A few weeks ago, I found a time capsule of sorts in the most unexpected place - a torn cardboard box I passed on the sidewalk as I was running to catch the Muni. As I looked down I noticed it was filled with old magazines. Three and a half decades old to be precise. With ten seconds to spare, I shifted Women's Day to unearth a pile of ancient (in a magazine's lifespan) Reader's Digests from 1972. I grabbed three copies and shoved them into my bag before hopping on the Muni. It wasn't until I settled in and opened an issue that I realised just how valuable a find I had made.

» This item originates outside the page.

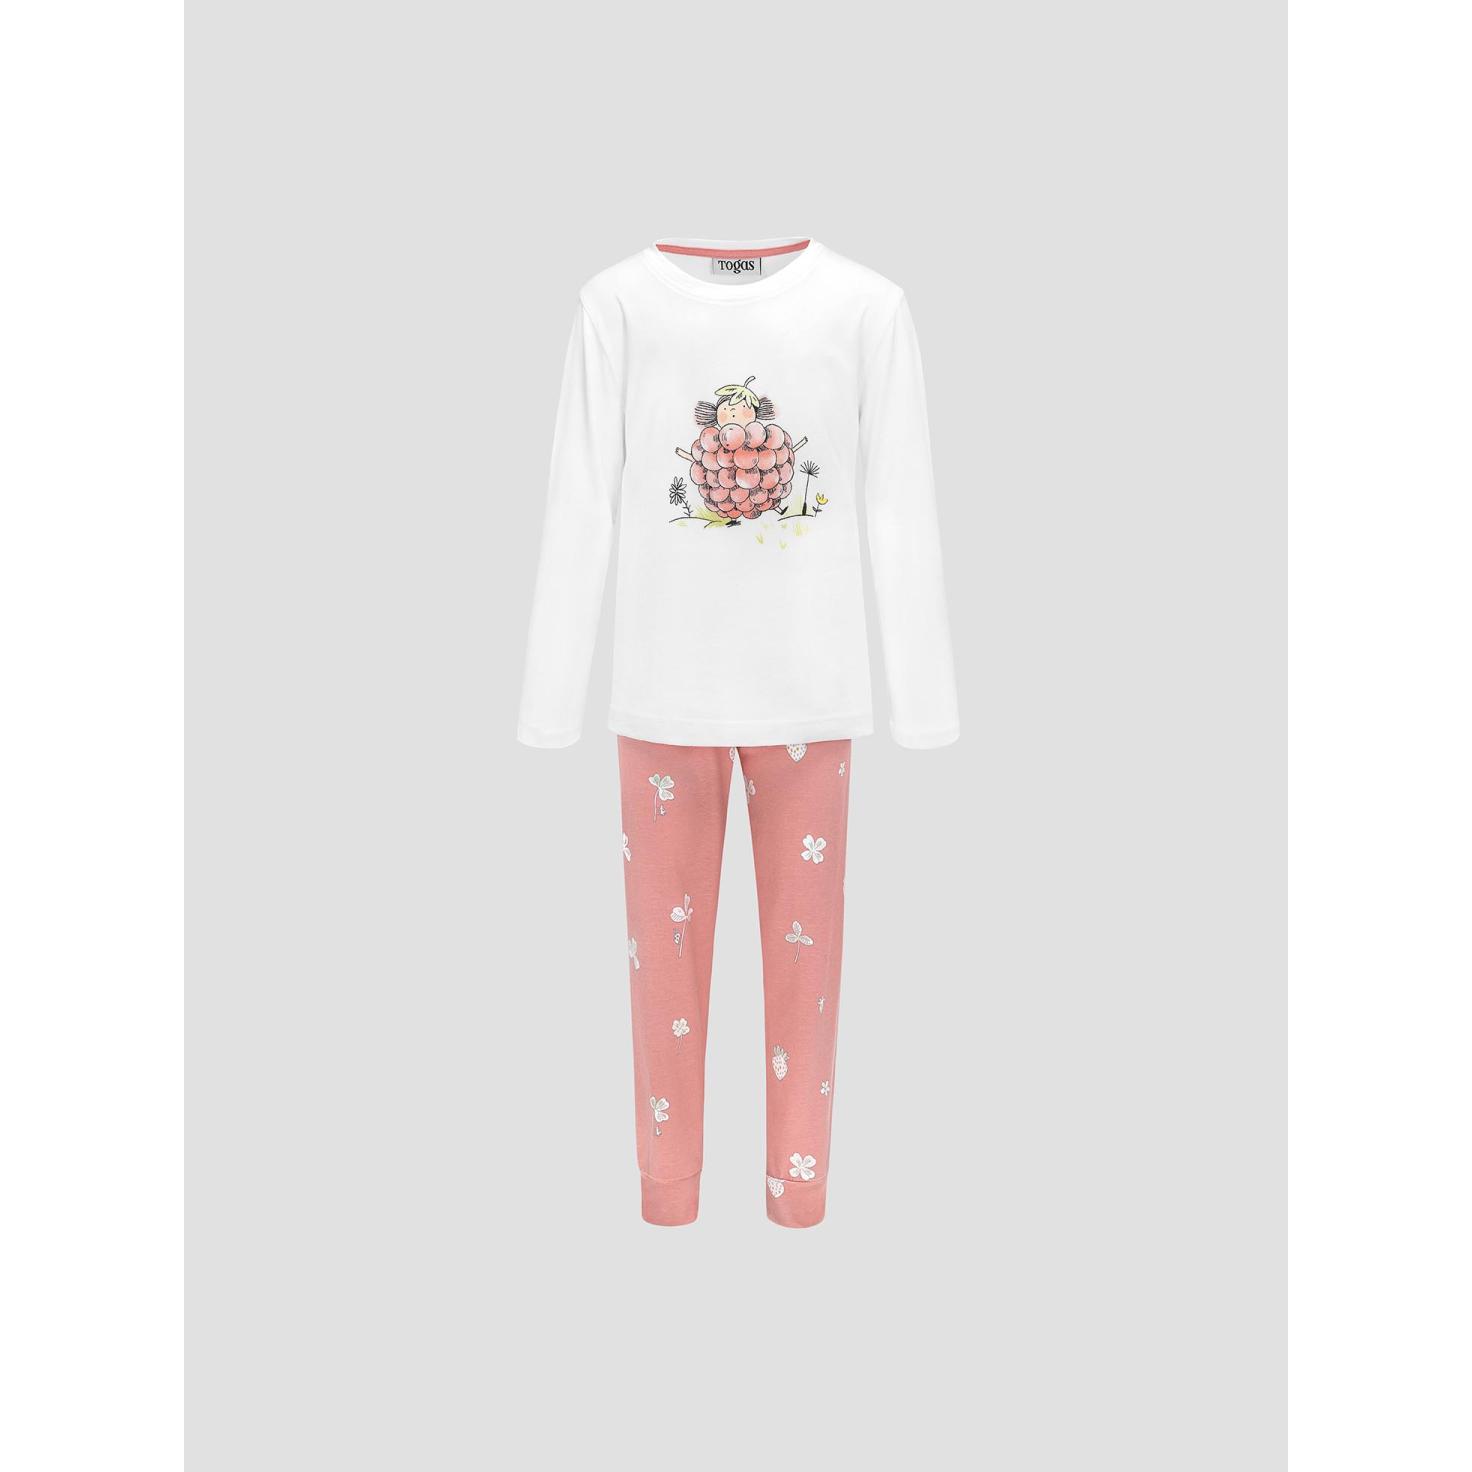 Пижама для девочек Kids by togas Стробби бело-розовый 140-146 см жен пижама с шортами инь янь белый р 46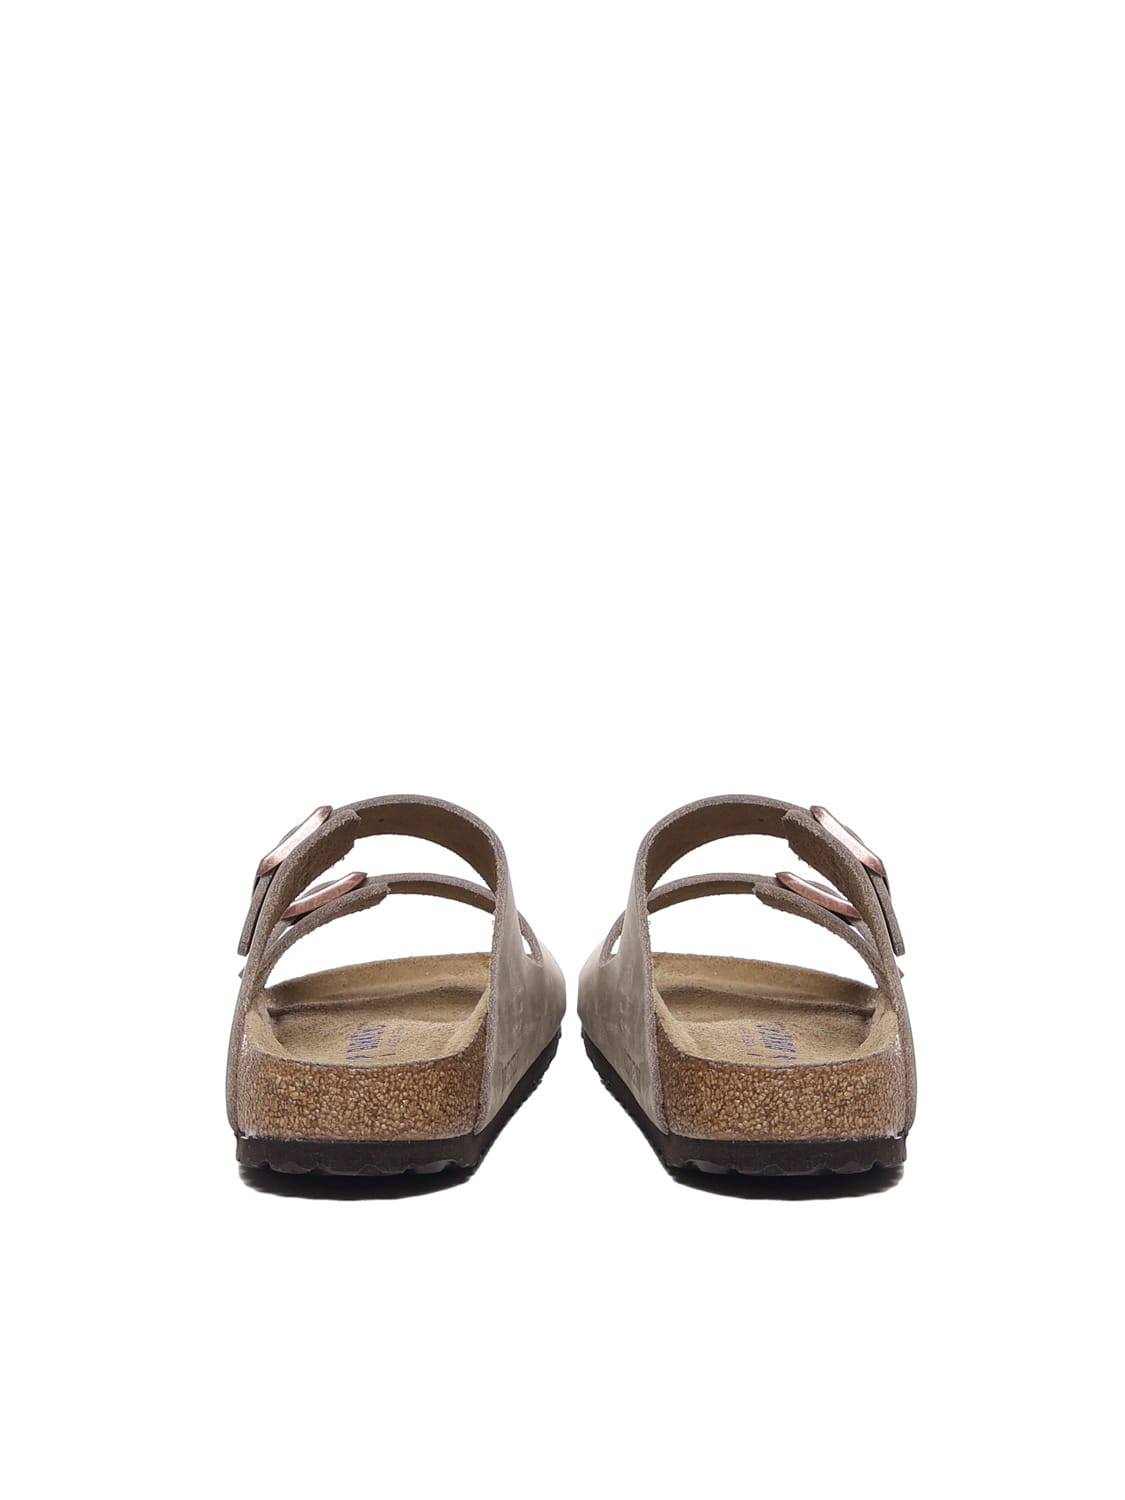 Shop Birkenstock Arizona Sandals In Tabacco Brown

It seems the world of 1972 was far more distant that I assumed. The younger generation (hippies) was continually mystifying, drugs were terrifying and dangerous, and so were "women libbers." Between advertisements from the Sugar Council ("Sugar. It isn't just good flavor; it's good food") and speculatory articles about where the country was headed ("[By 2000] to relieve urban congestion and air pollution, most cars for city travel will be small, low-speed vehicles powered by batteries, fuel cells or synthetic fuels") I found an article entitled "But Women Are the Favored Sex" by a certain Mrs. Elsieliese Thrope. It may be one of the most offensive and hilarious things I have ever encountered. From the get-go, you've got to admire that cartoon of a cavewoman Jane smiling contentedly whilst being dragged off by a scowling Tarzanical caveman. Mrs. Thrope certainly makes a watertight argument against Women's Lib. Some of my favorite quotes (sorry about the scan quality):

When Women's Lib first appeared on the horizon, I was amused. A bunch of disgruntled eccentrics with a phobia about dishpan hands, I figured.

It is she who decides whether it will be hot dogs or steak tonight... What man, on a job, can set his standards that way?

If I need to talk to another adult, I can always holler across the fence at my neighbor, call my aunt in Boston, or arrange for tea with a friend.

...And my personal favorite:
Back in the Stone Age when some lonely Cave Man found himself a suitable mate, he didn't ask her. He just pulled her home by her long tresses, caveman fashion. And I'll bet the poor helpless sex object was actually enjoying what was in store for her.



It seems Reader's Digest has always been filled with disaster stories, even in 1972. My co-worker and I reminisced once about reading the same story in an issue from the '90's where a couple of campers were mauled by a bear (in graphic slow-motion detail). I read it when I was ten and walked around shell-shocked for days. But besides the scare-tactics, these Reader's Digests represented a much more conservative, religious, sexist, and condescending tone than the issues I grew up on.

Now, if you'll excuse me I have to buy some cold cream for these dishpan hands.